Task prompt:
In the listing below, find the line holding "Adolescentes Y Viejos" and the line holding "ストーリーで引き込む文章の書き方【7つのステップ】". Write out those two lines and all lines between, exactly, and nothing more.

Data shown:
____________________

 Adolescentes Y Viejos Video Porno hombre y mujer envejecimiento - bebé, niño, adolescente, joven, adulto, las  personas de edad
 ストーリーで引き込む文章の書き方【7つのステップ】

____________________

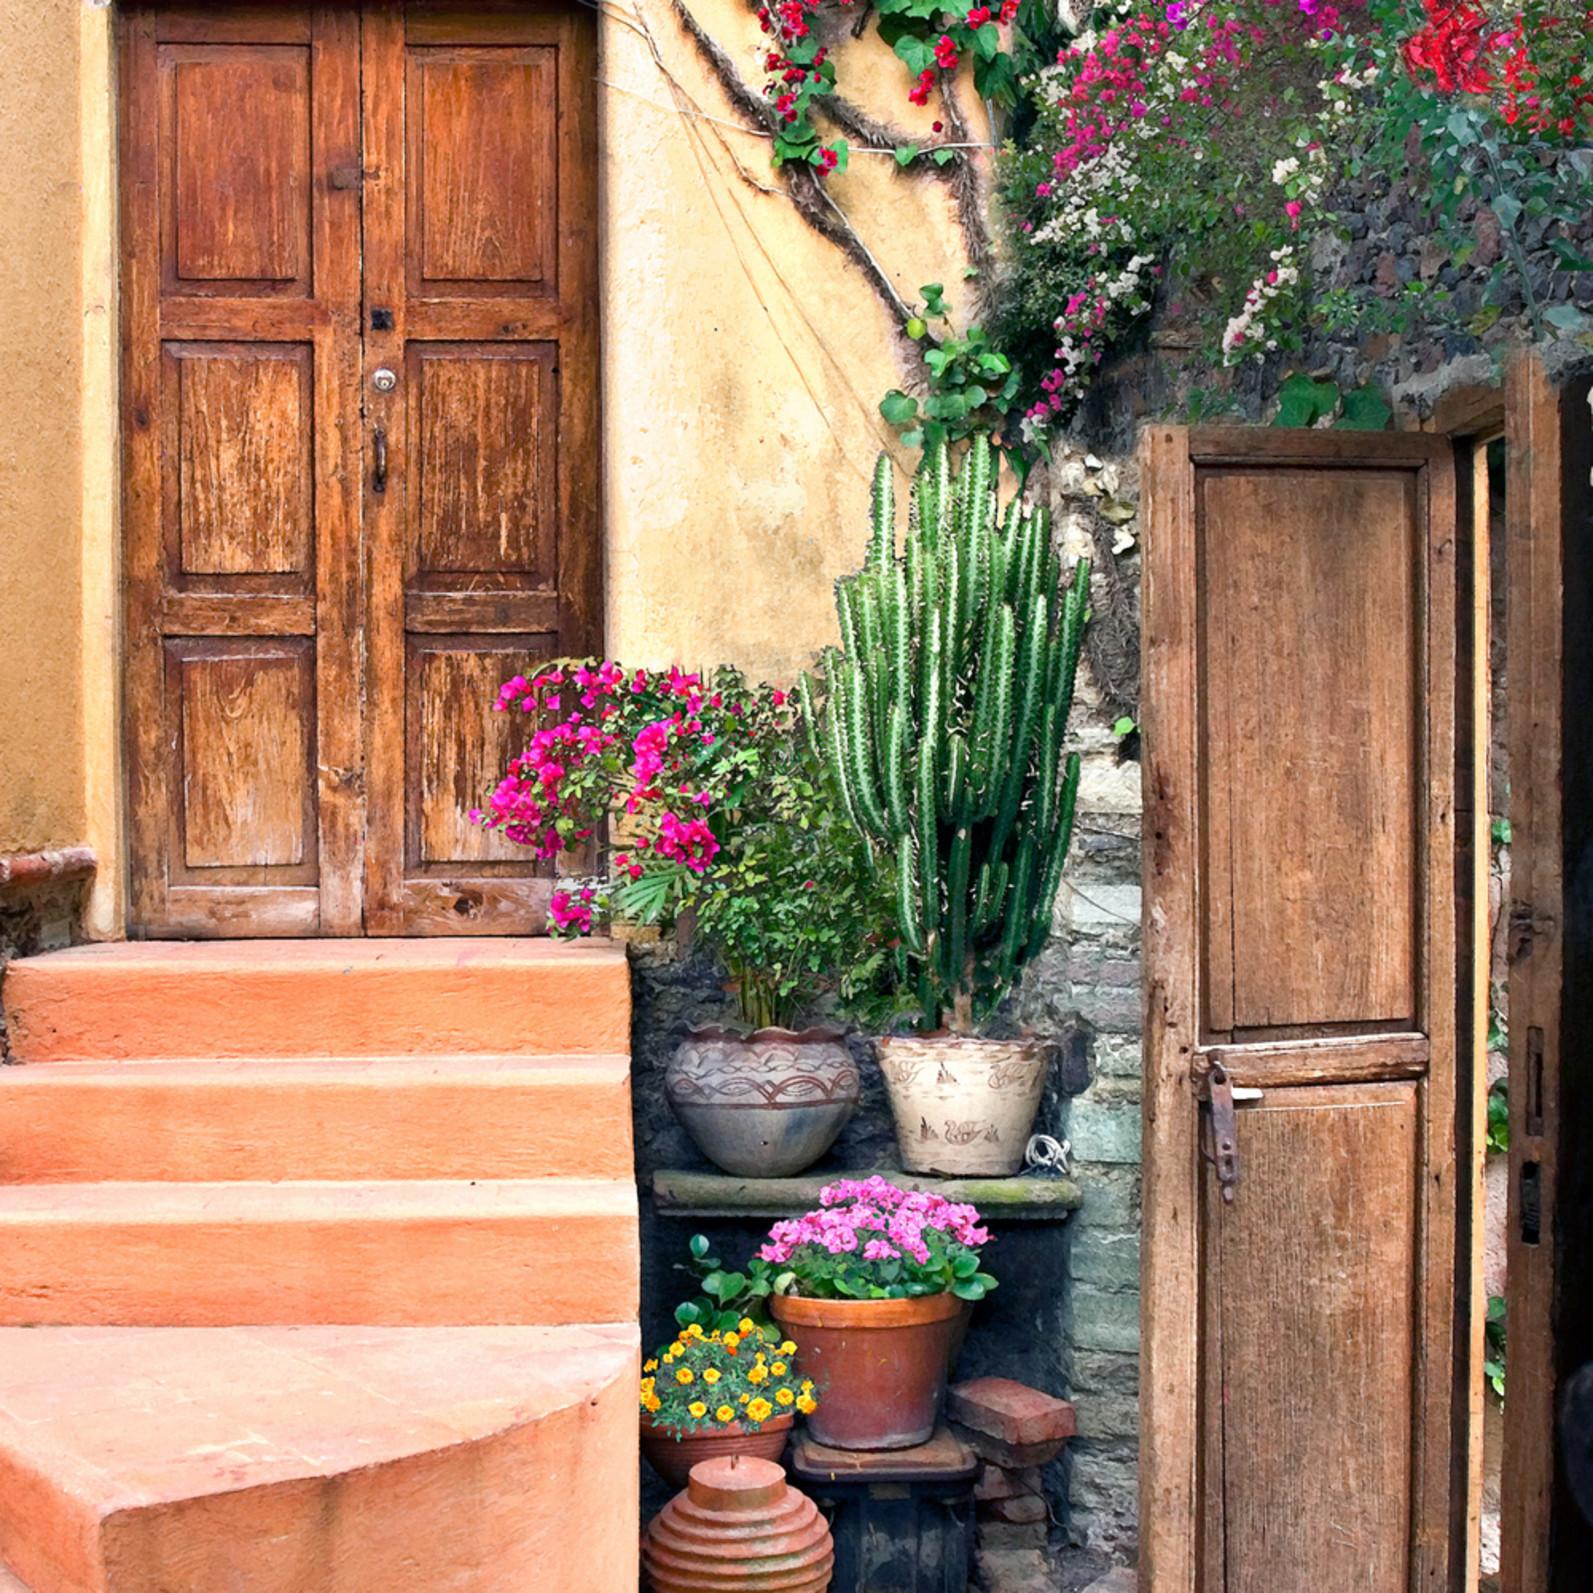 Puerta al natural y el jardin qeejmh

____________________

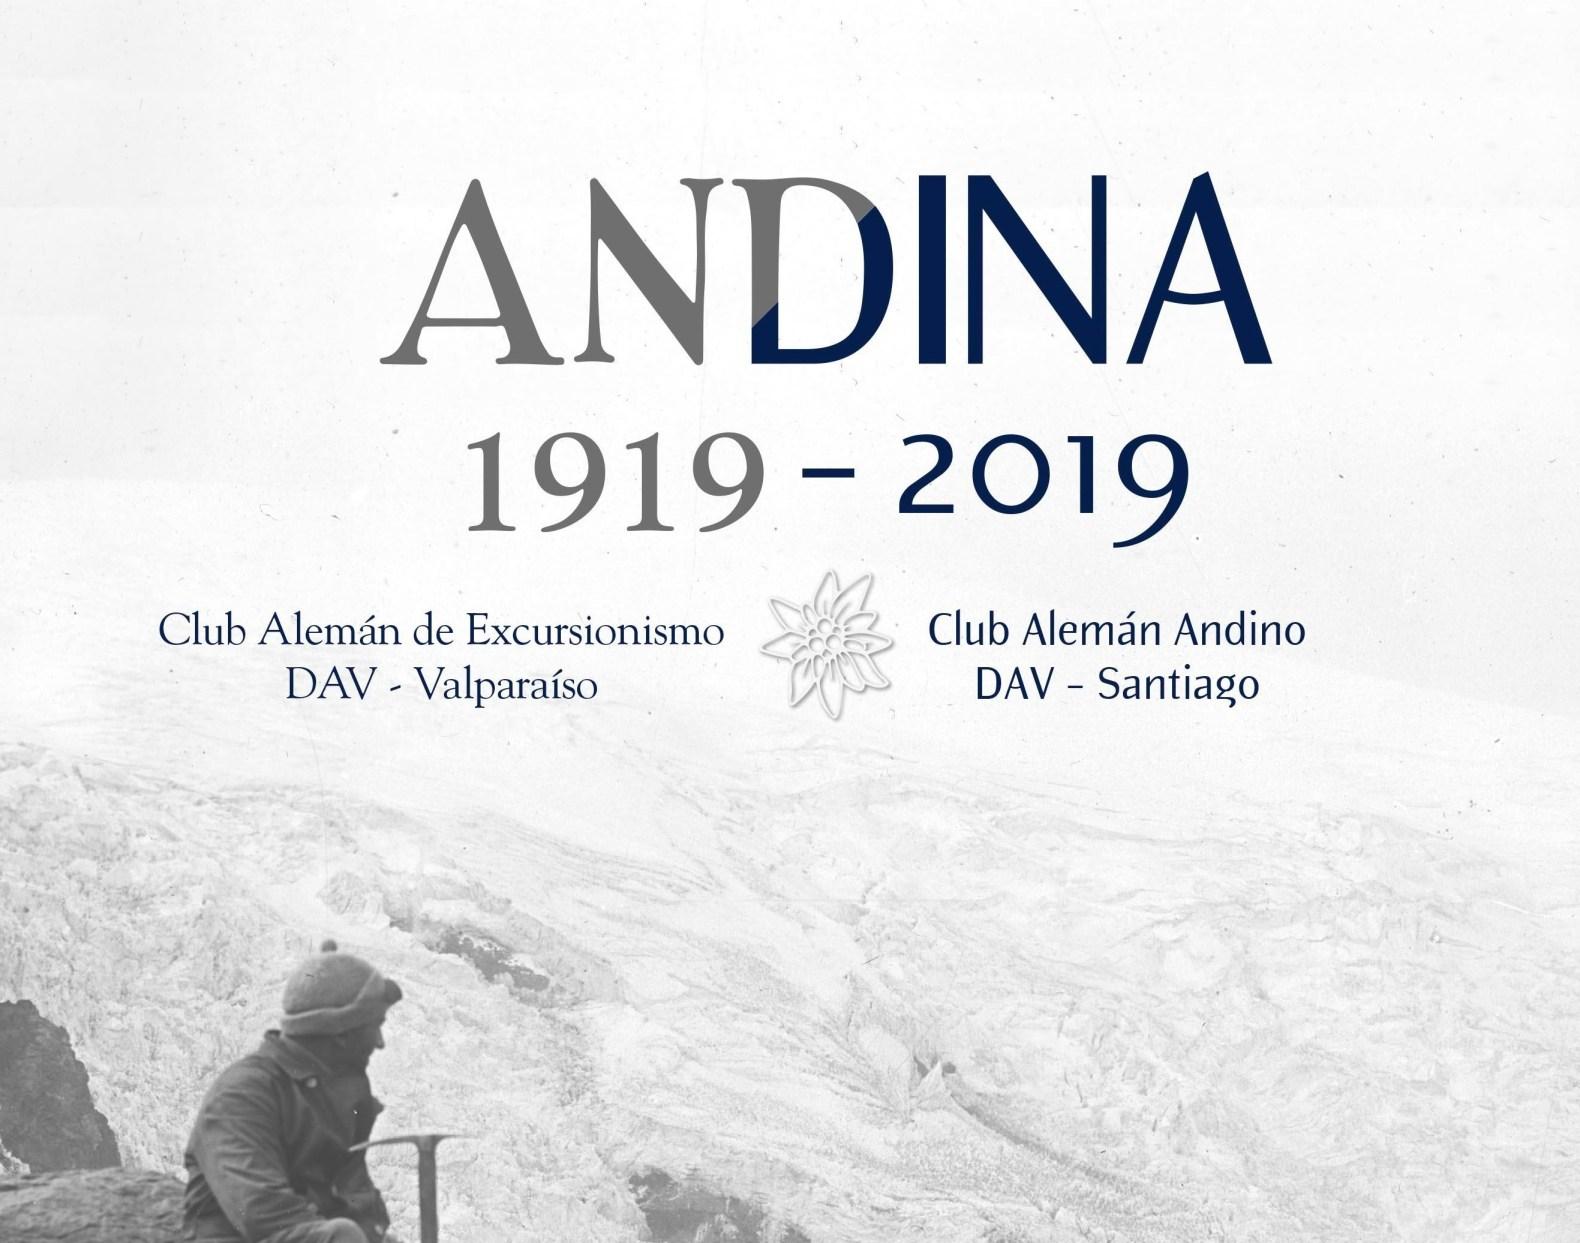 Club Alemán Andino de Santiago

____________________

Reply:
 Adolescentes Y Viejos Video Porno hombre y mujer envejecimiento - bebé, niño, adolescente, joven, adulto, las  personas de edad
 ストーリーで引き込む文章の書き方【7つのステップ】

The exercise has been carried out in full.